Combinations of prior art that suggest the claimed invention would have been obvious under 35 U.S.C. § 103.

✓ Generated

Obviousness Analysis of US Patent 8332844 under 35 U.S.C. § 103

This analysis identifies combinations of prior art references that would render the independent claims of US Patent 8332844 obvious to a person having ordinary skill in the art (POSA) at the time of the invention (priority date of December 30, 2004). The analysis utilizes the "Patent Citations" and "Non-Patent Citations" sections provided within the patent text as the basis for prior art.

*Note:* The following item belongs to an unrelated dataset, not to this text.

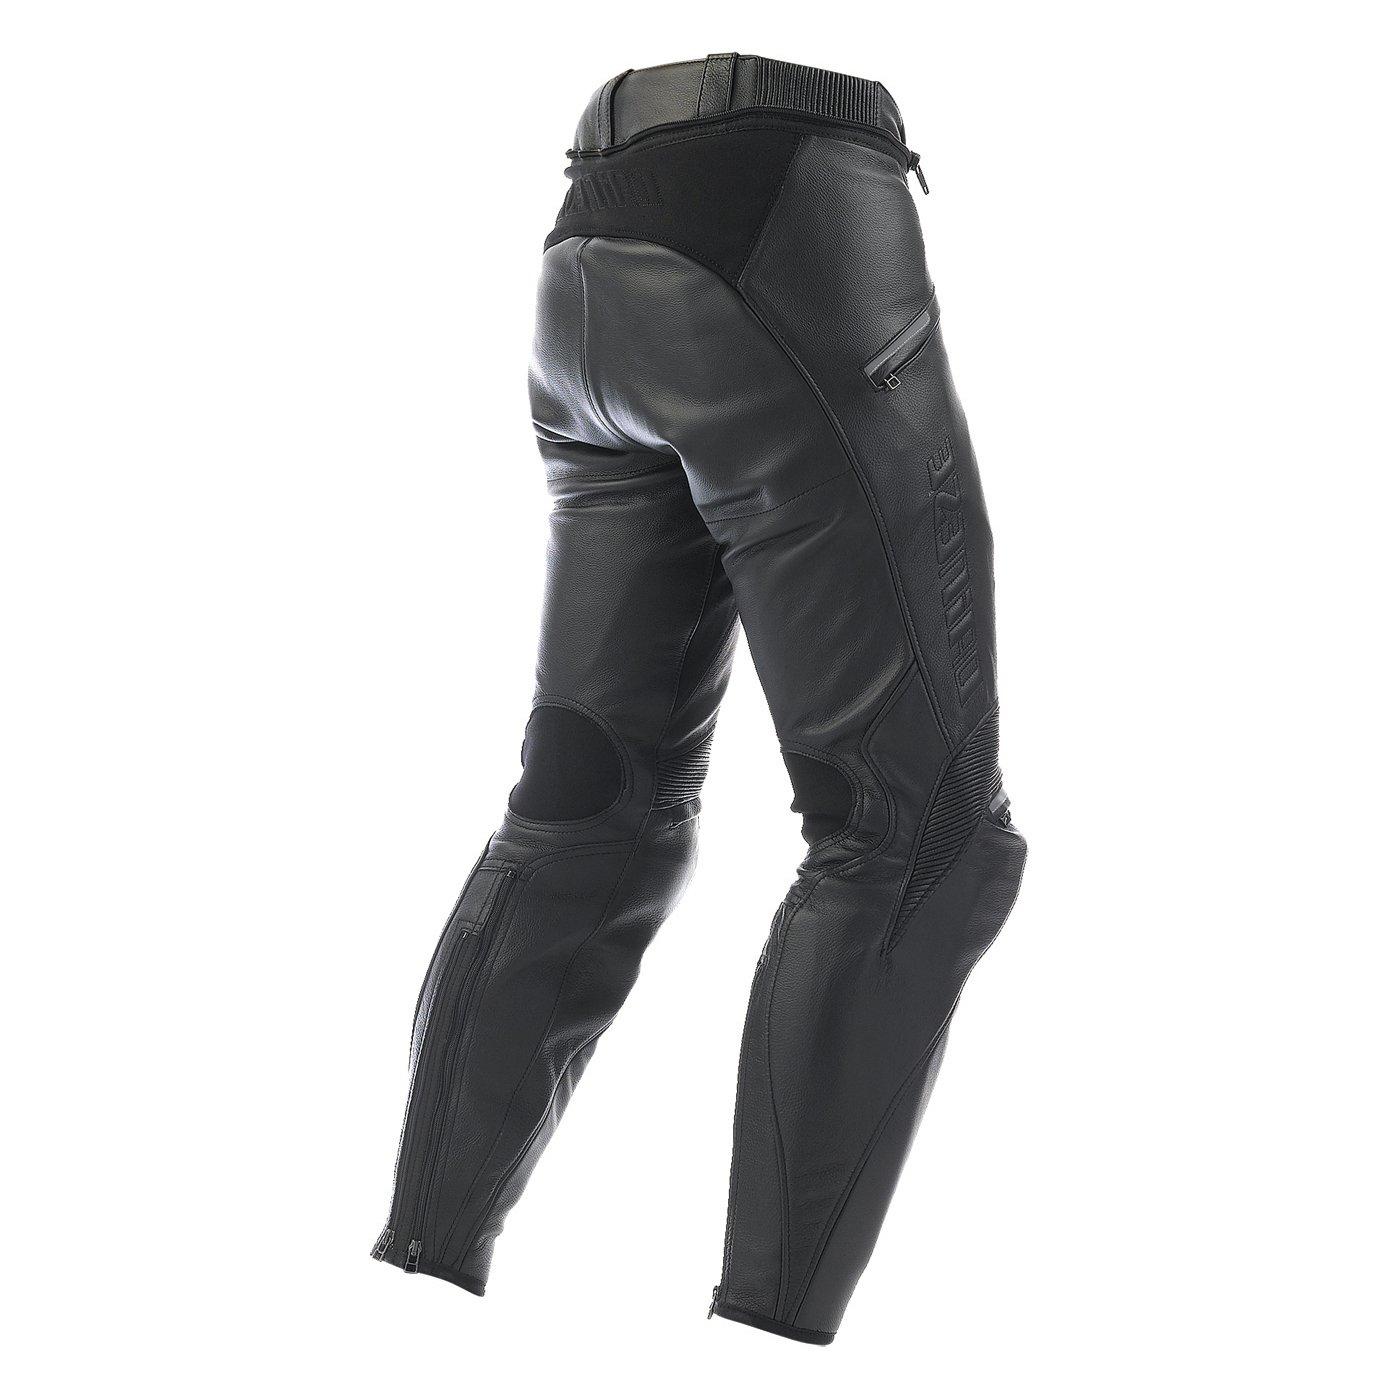 Bestbewertete Mode damen Heiß-Verkauf am neuesten Dainese Lederhose Alien Pelle, Größe 50
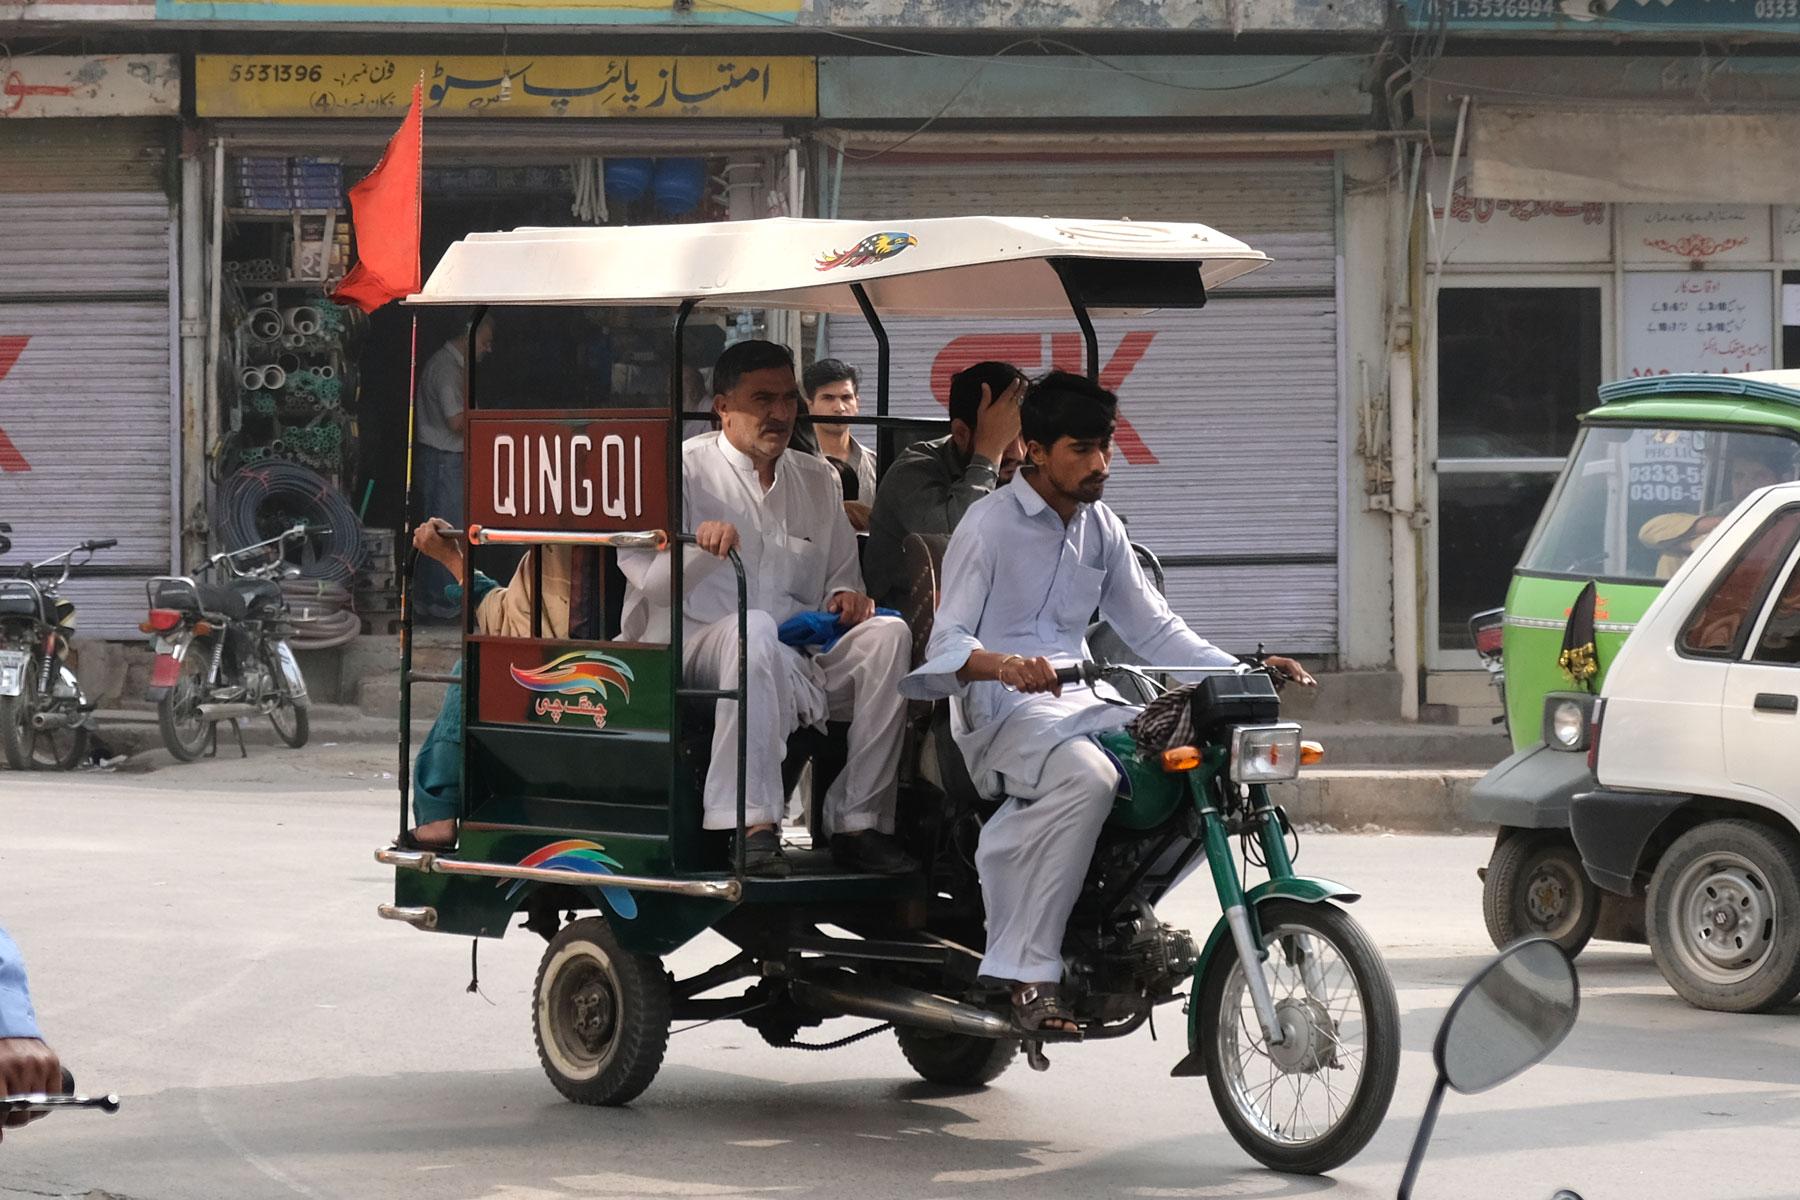 Qingqi-Rickshaws, geteilte Motorradrickshaws, fahren auf festen Routen durch die Stadt

The core contributions of US Patent 8332844, as articulated in its summary, are centered on:

  1. A block-level root/leaf system for distributing application environments, allowing for on-the-fly boot image creation and streamlined updates. This foundational concept is explicitly described as prior art within the patent itself and is derived from a priority application.
  2. Caching blocks of the root image that have been accessed by at least one compute node to improve performance.
  3. Receiving indexing results pertaining to the root image from one compute node and providing these results to other compute nodes to reduce redundant operations.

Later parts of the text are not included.